兄は小学生のころ、神社で弱っていたヒヨドリを家で養生したり、屋根から落ちた雀のヒナを元気になるまで世話したりよくしていた。

5歳くらいのころか、ある日家に祖父がやってきた。
器用な人だったので家の小さな修理をしに来ていたのだと思う。

ちなみに祖父は彦根の人で、代々お城に仕えた家らしく、男子の名前は皆〇〇太郎とつけられていた。祖父は松太郎、祖父の兄弟は、久太郎(きゅうたろう)、喜太郎(きたろう)、と昭和の人気漫画をずいぶん前から予測していたかのような名前である。

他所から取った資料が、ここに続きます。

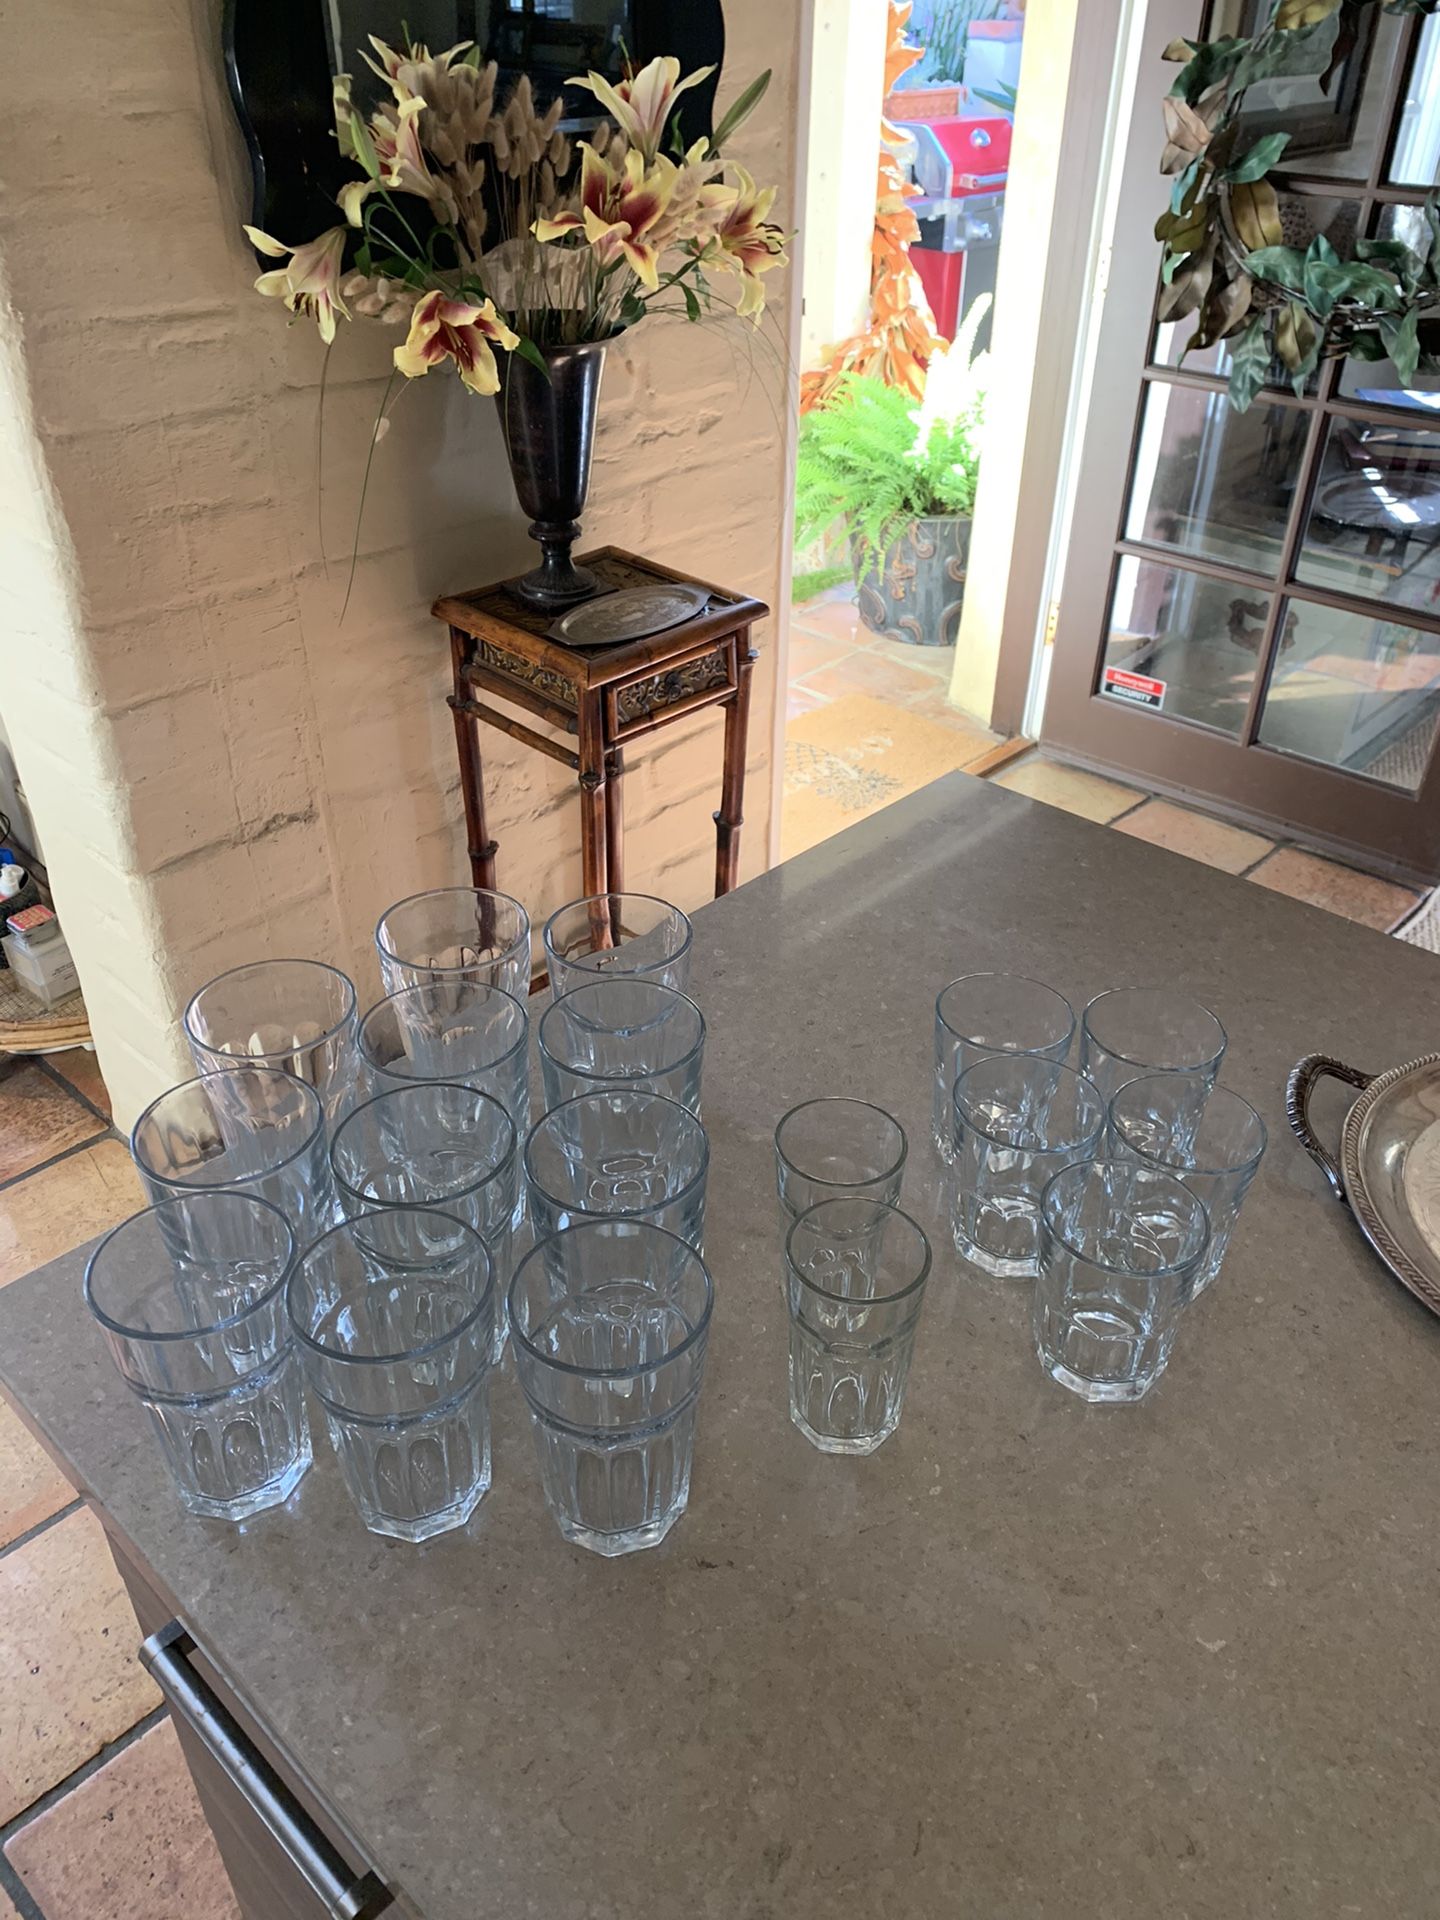 Pottery Barn Glassware: classic design 11 tall, 5 double old fashion and 2 juice/wine

母が不在の時があり、祖父松太郎、兄、私でこたつテーブルに座り、みんなでなんでもない話をして留守番をしていた。

突然兄が神妙な顔をして、小さな声だが強く言った。

「静かにして!鳥の声がするよ。」

松太郎も私もすぐに息をひそめ、三人で耳をすました。

すると、ちいさな「ぴぃぃ。」という声がする。

確かに音は聞こえる。何度も。一定のリズムで。
どこにいるのだろう、なんの鳥かしらとワクワクする私。

しばらくして賢い兄は気がついた。

それは祖父の鼻からもれる空気の音だった。

三人で大爆笑した。

顔を見合わせて真剣に聞いた鼻ぴぃ。
子供のころの思い出。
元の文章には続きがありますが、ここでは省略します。